- DATA SHOWN
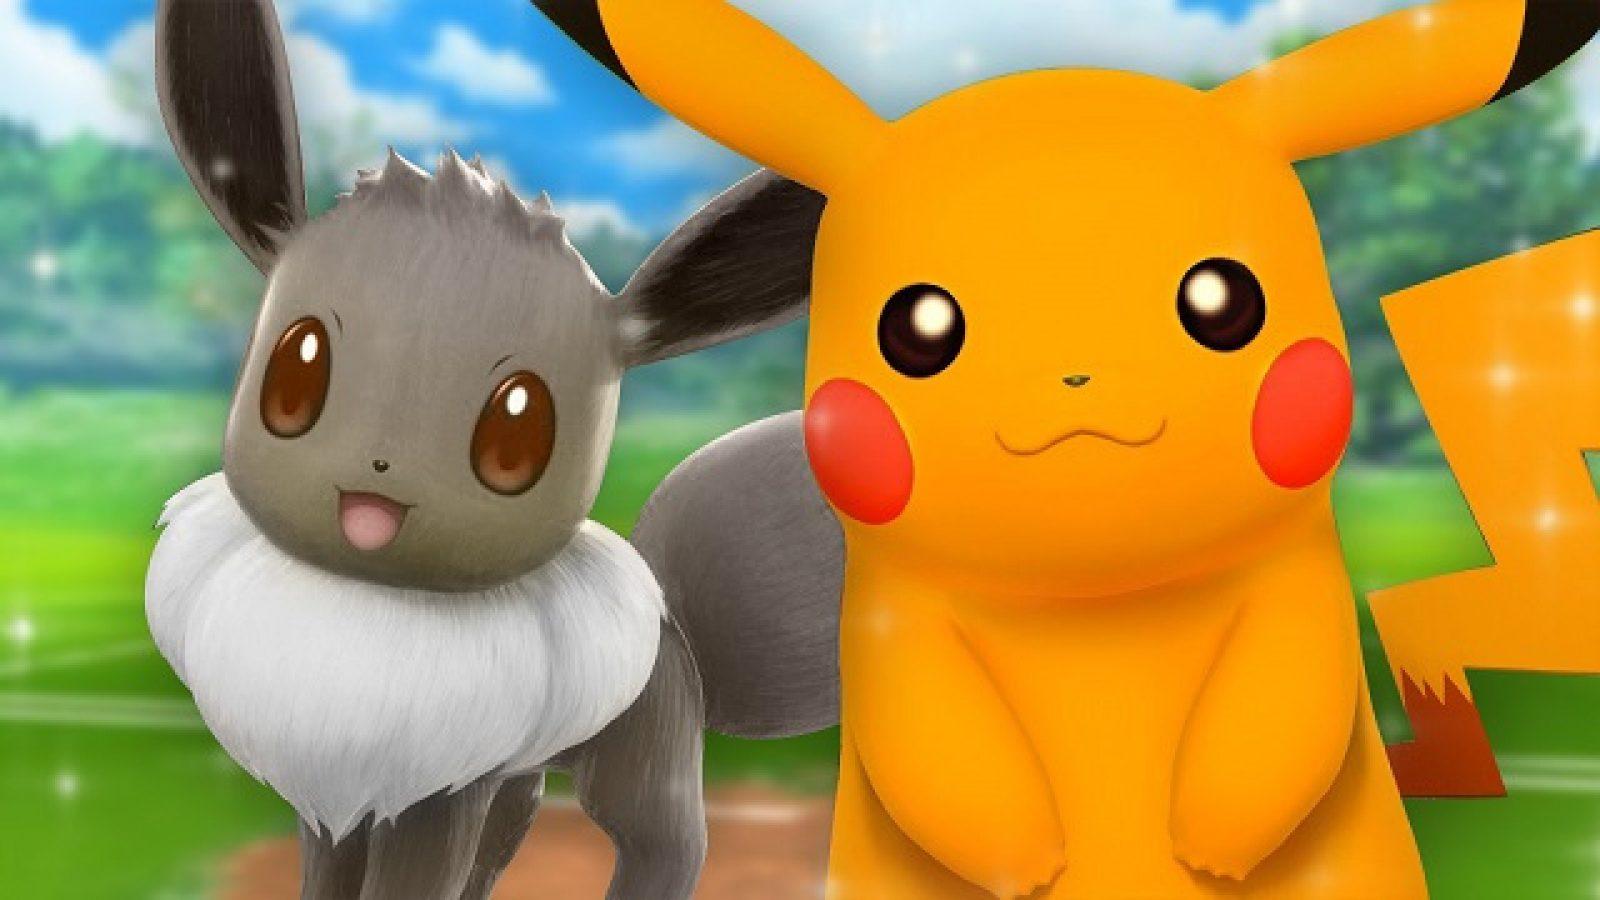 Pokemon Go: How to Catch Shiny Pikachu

--

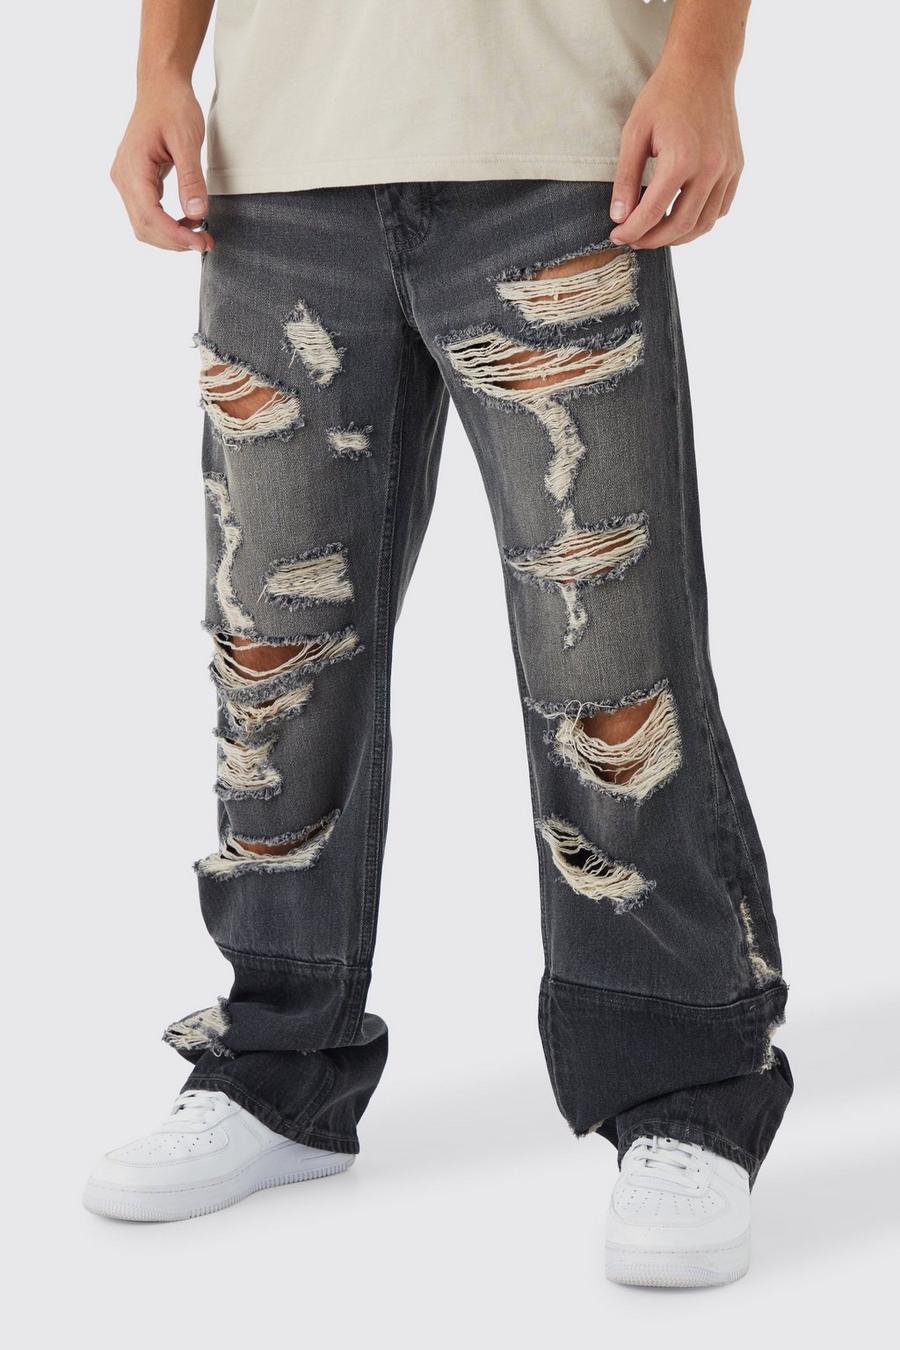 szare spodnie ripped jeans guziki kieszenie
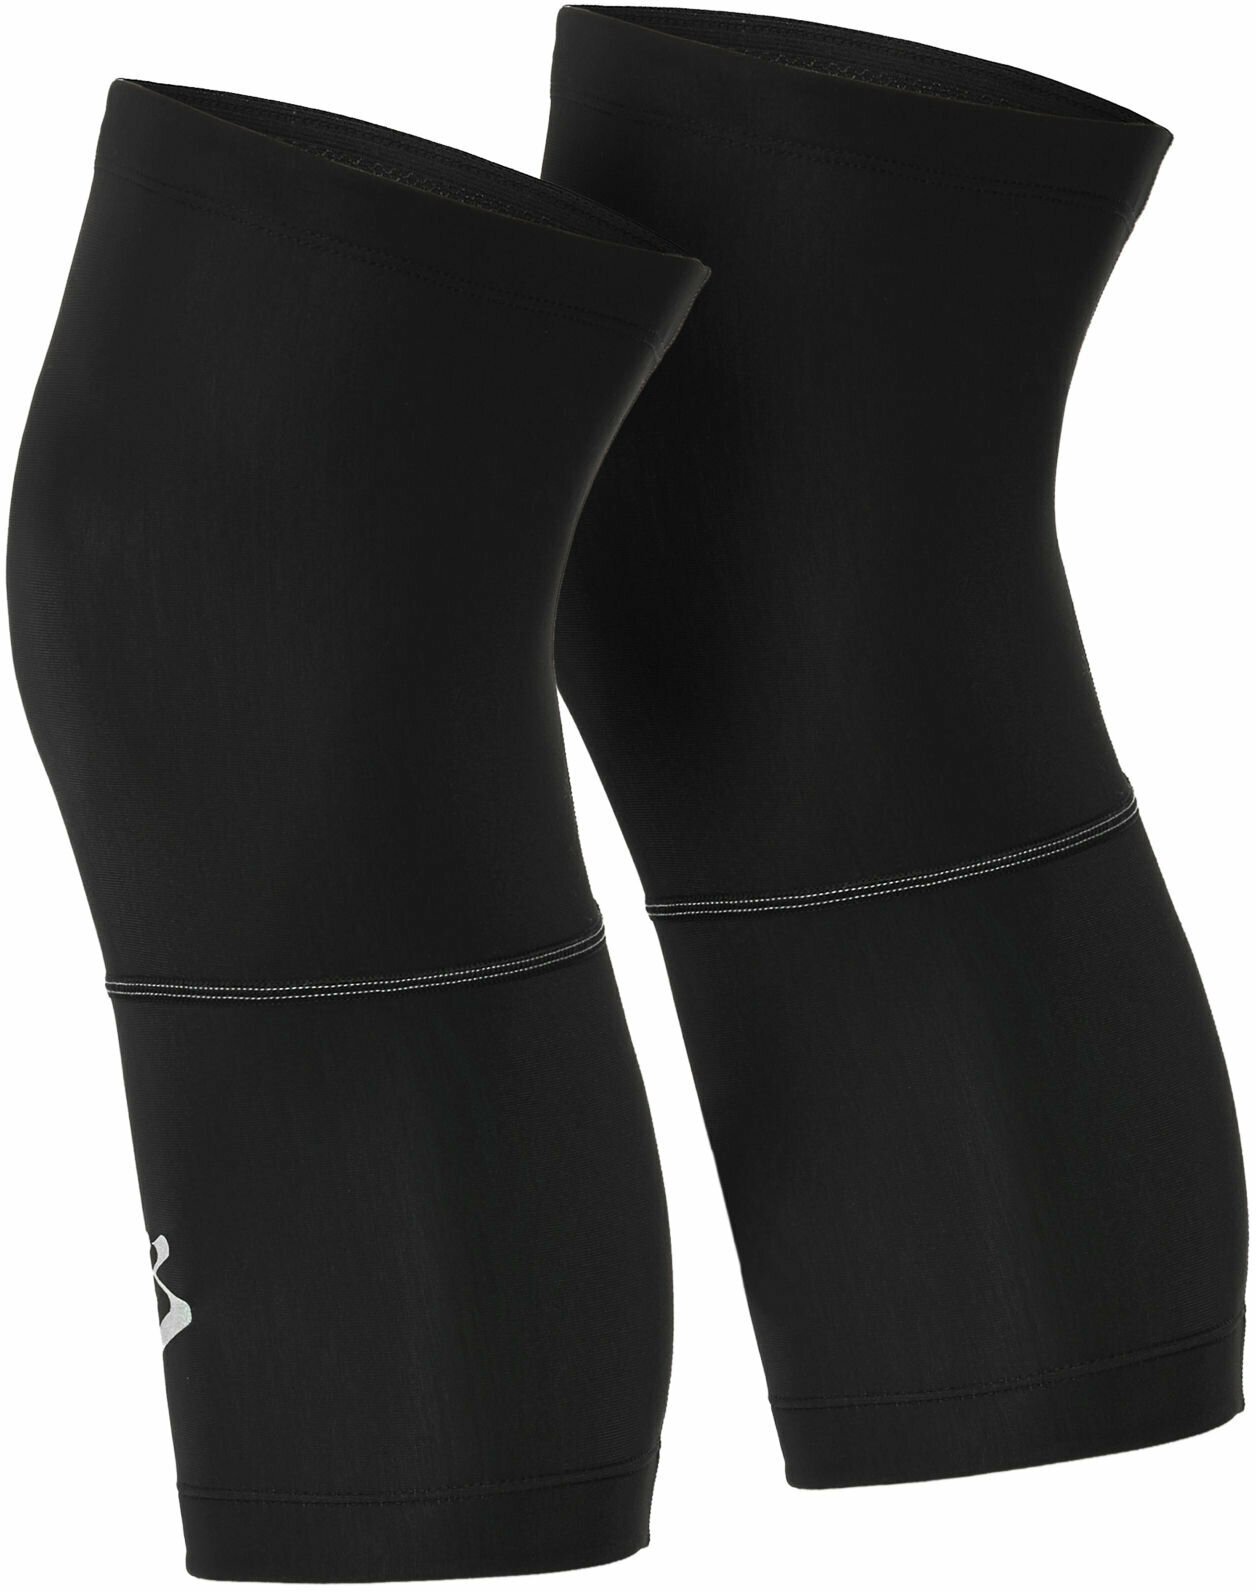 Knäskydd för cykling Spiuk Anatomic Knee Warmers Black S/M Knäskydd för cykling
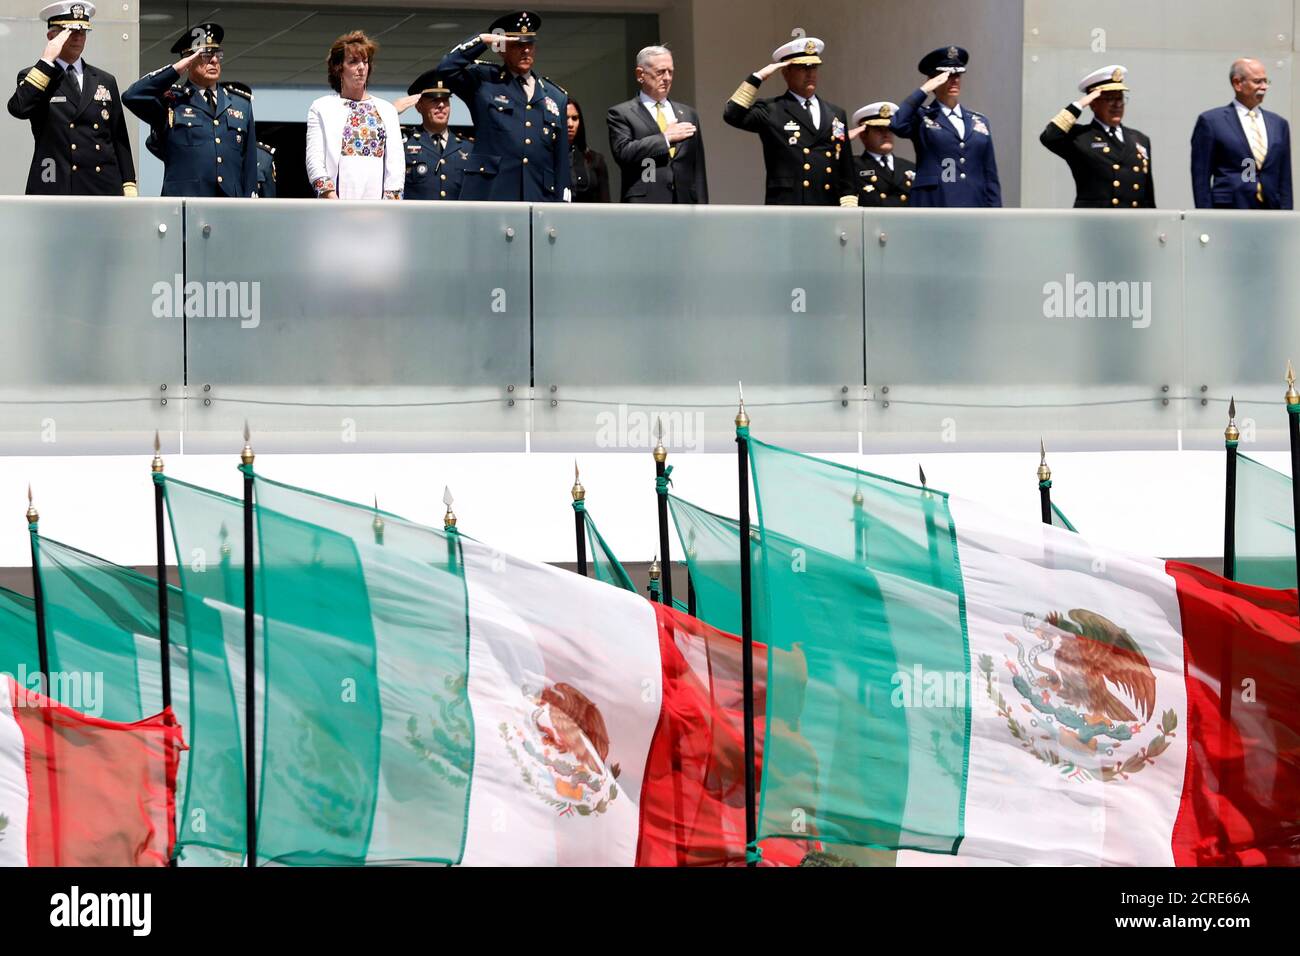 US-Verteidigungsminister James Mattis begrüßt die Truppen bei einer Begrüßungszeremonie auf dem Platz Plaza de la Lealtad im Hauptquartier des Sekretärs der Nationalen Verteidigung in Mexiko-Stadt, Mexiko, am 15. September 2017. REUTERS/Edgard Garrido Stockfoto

==

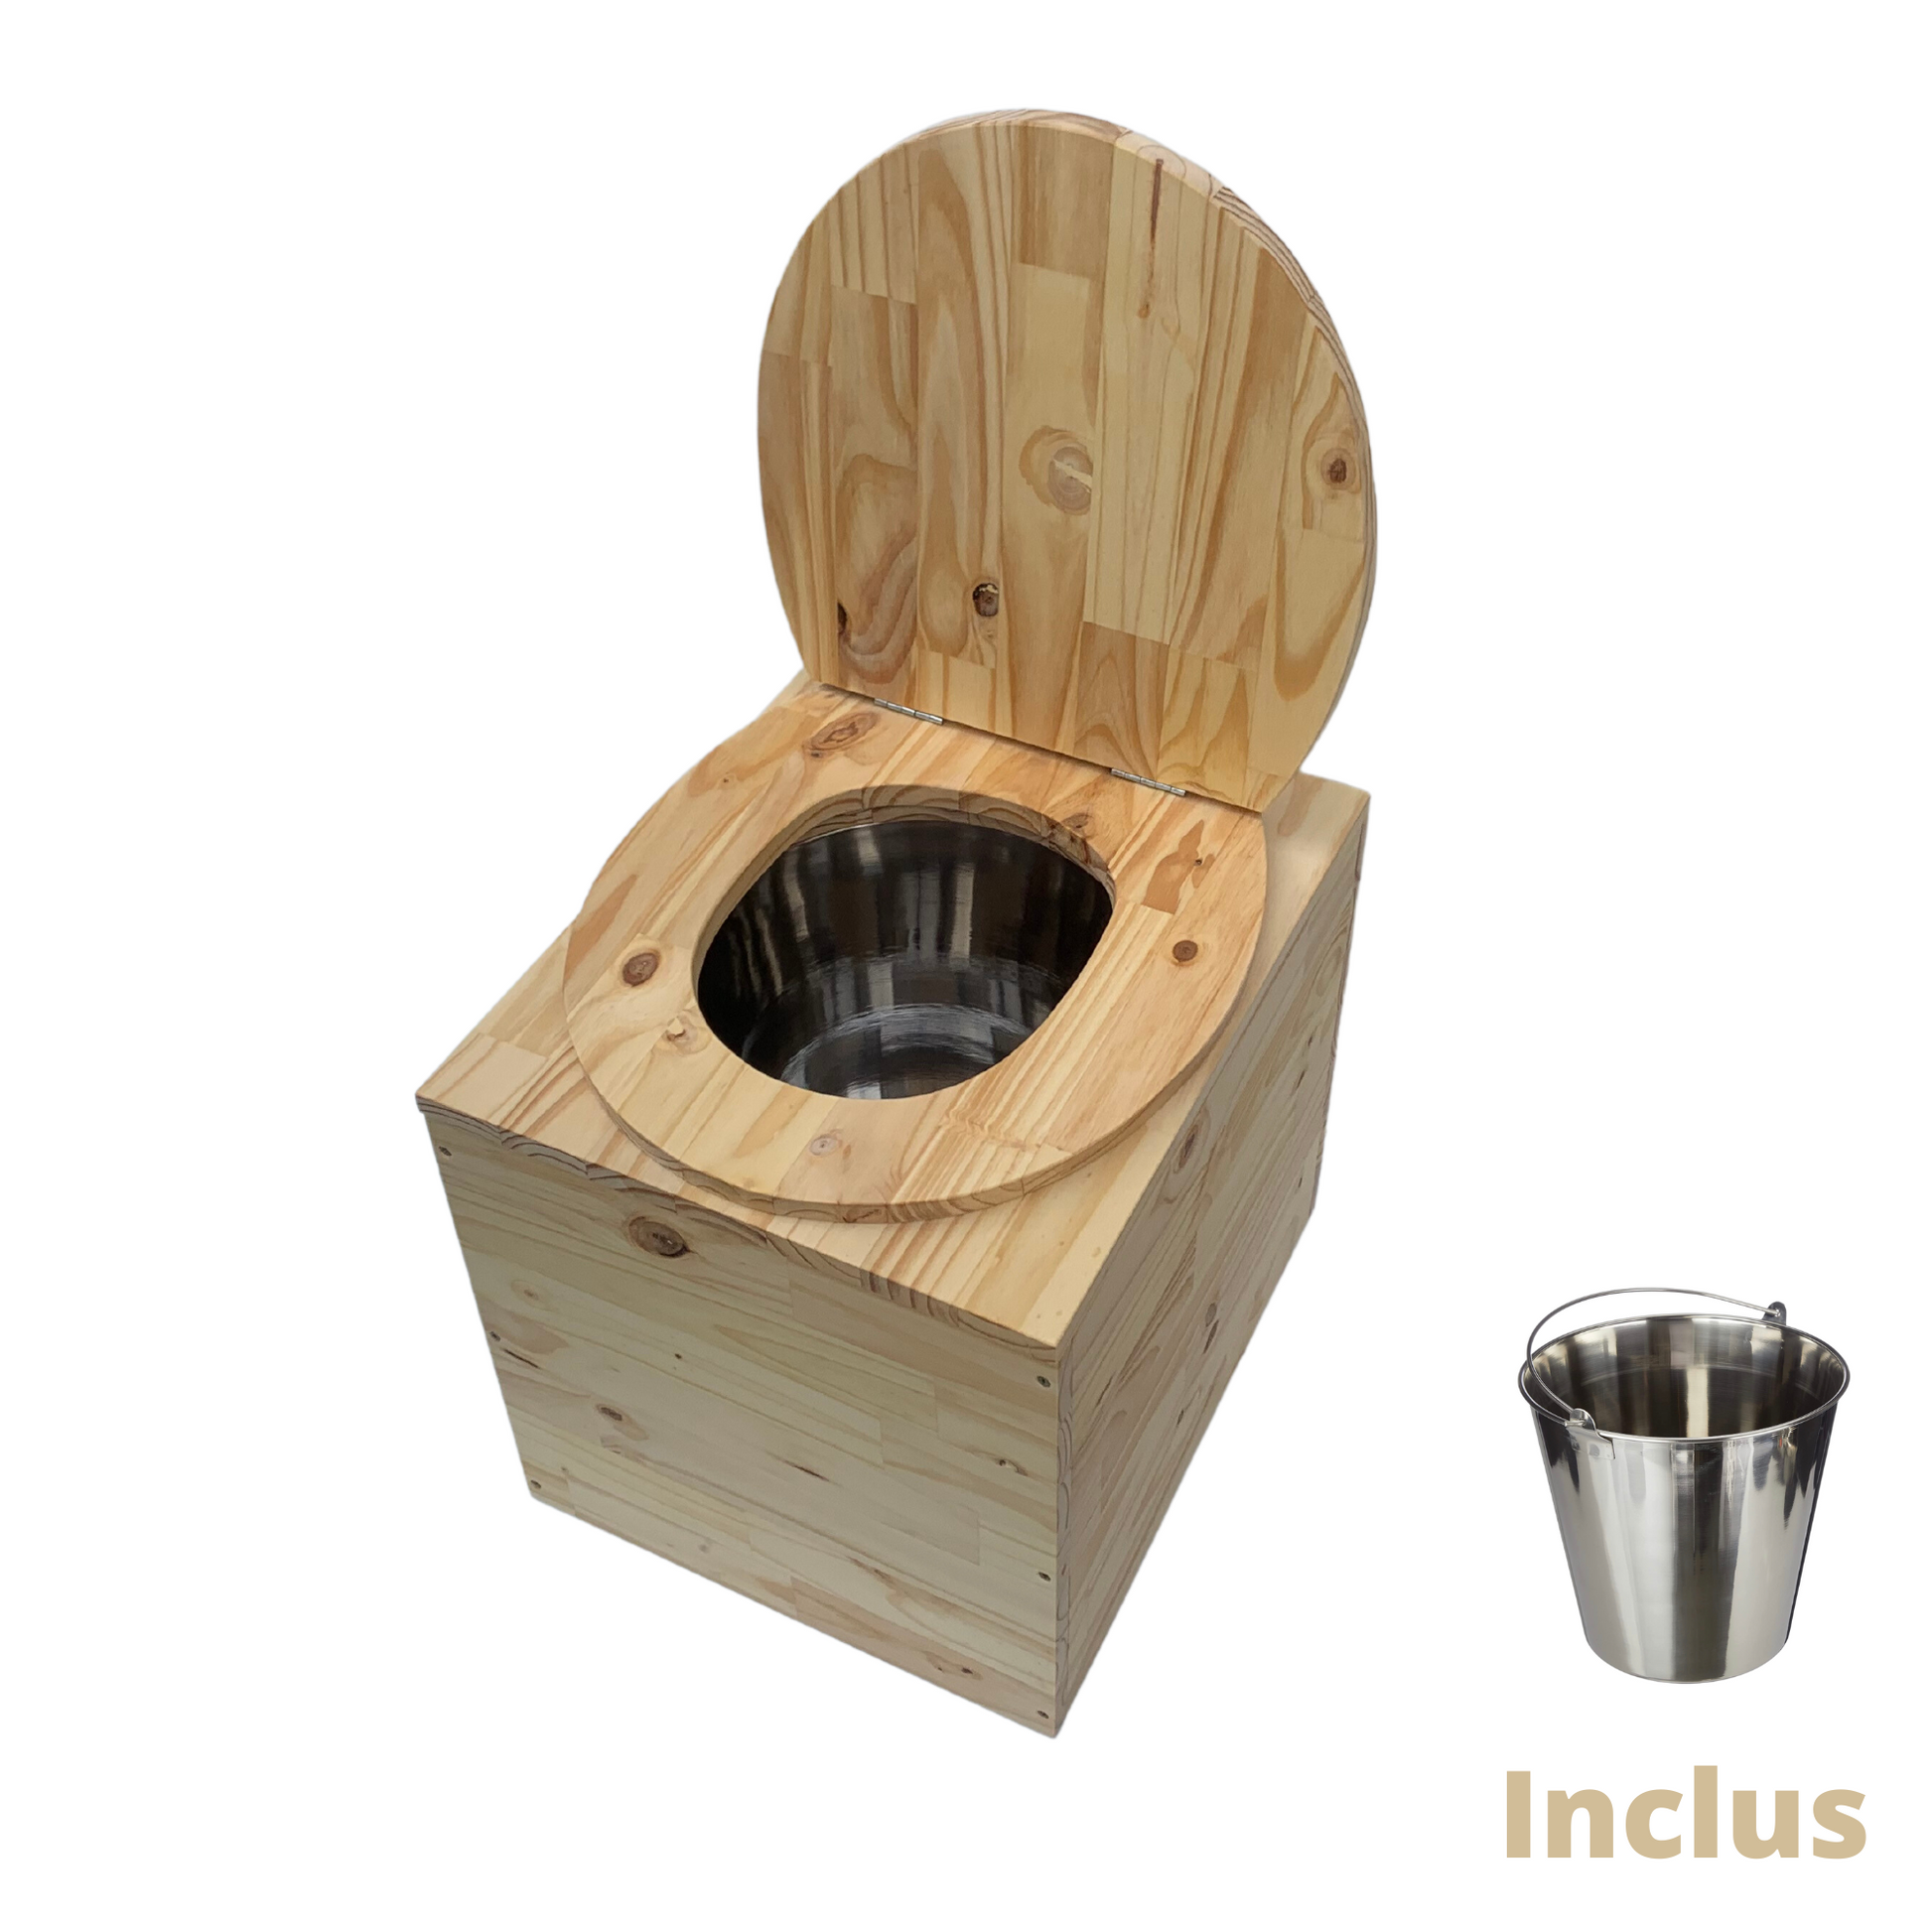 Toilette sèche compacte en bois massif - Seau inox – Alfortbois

- ACTIVITY
Please print the lines above word for word, starting at the one with "Knäskydd för cykling Spiuk" and ending at the one with "US-Verteidigungsminister James Mattis", both included, and without any picture.

- OUTPUT FOR THIS TASK
 Knäskydd för cykling Spiuk Anatomic Knee Warmers Black S/M Knäskydd för cykling
 US-Verteidigungsminister James Mattis begrüßt die Truppen bei einer Begrüßungszeremonie auf dem Platz Plaza de la Lealtad im Hauptquartier des Sekretärs der Nationalen Verteidigung in Mexiko-Stadt, Mexiko, am 15. September 2017. REUTERS/Edgard Garrido Stockfoto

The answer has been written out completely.